Two oil companies planning to drill in remote Arctic waters, Shell and ConocoPhillips, are pleading with U.S. regulators not to make them follow new guidelines proposed by the Interior Department that would require the companies to keep emergency spill response equipment close at hand and prohibit the use of chemical dispersants.

The precise details of the new rules for Arctic drilling operations have not been made public as an inter-agency review of the Interior Department's proposal is still being carried out.

But records of meetings with officials at the Office of Management and Budget (OMB), which is currently reviewing the new standards, show that Shell is vigorously contesting rules that would require the company to keep on hand the necessary equipment for emergency response in the event of a blowout, such as containment systems and a rig to drill a relief well.

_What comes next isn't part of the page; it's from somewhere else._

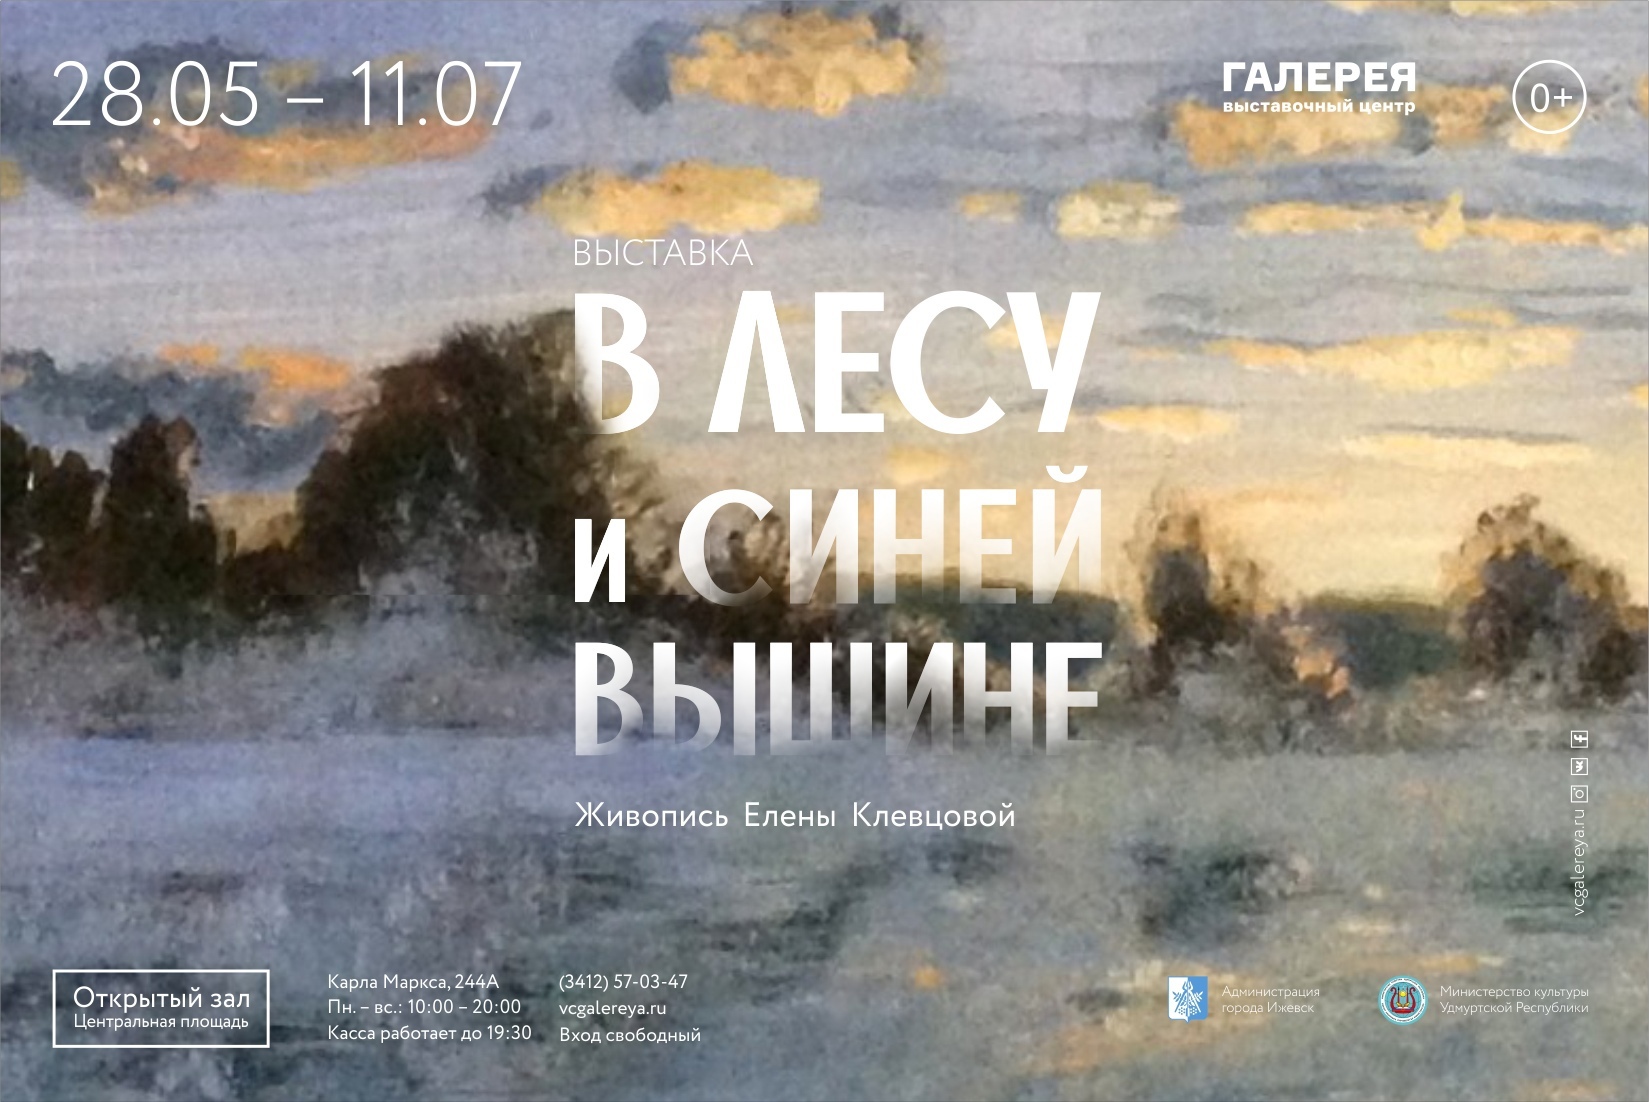 Афиша Ижевска — Выставка «В лесу и синей вышине»

Shell says that keeping a rig on standby would cost the company an additional $250 million a year.

Both Shell and ConocoPhillips are taking issue with another of the proposed rules, a potential ban on the use of highly toxic chemical dispersants in favor of booms, skimmers, and other physical equipment to contain spilled oil.

In a presentation to the OMB's Office of Information and Regulatory Affairs, Shell argued: “A 100 percent mechanical requirement leads to increasing costs and environmental impacts — less recovery of oil — as operators enter plays with higher daily worst-case discharges.”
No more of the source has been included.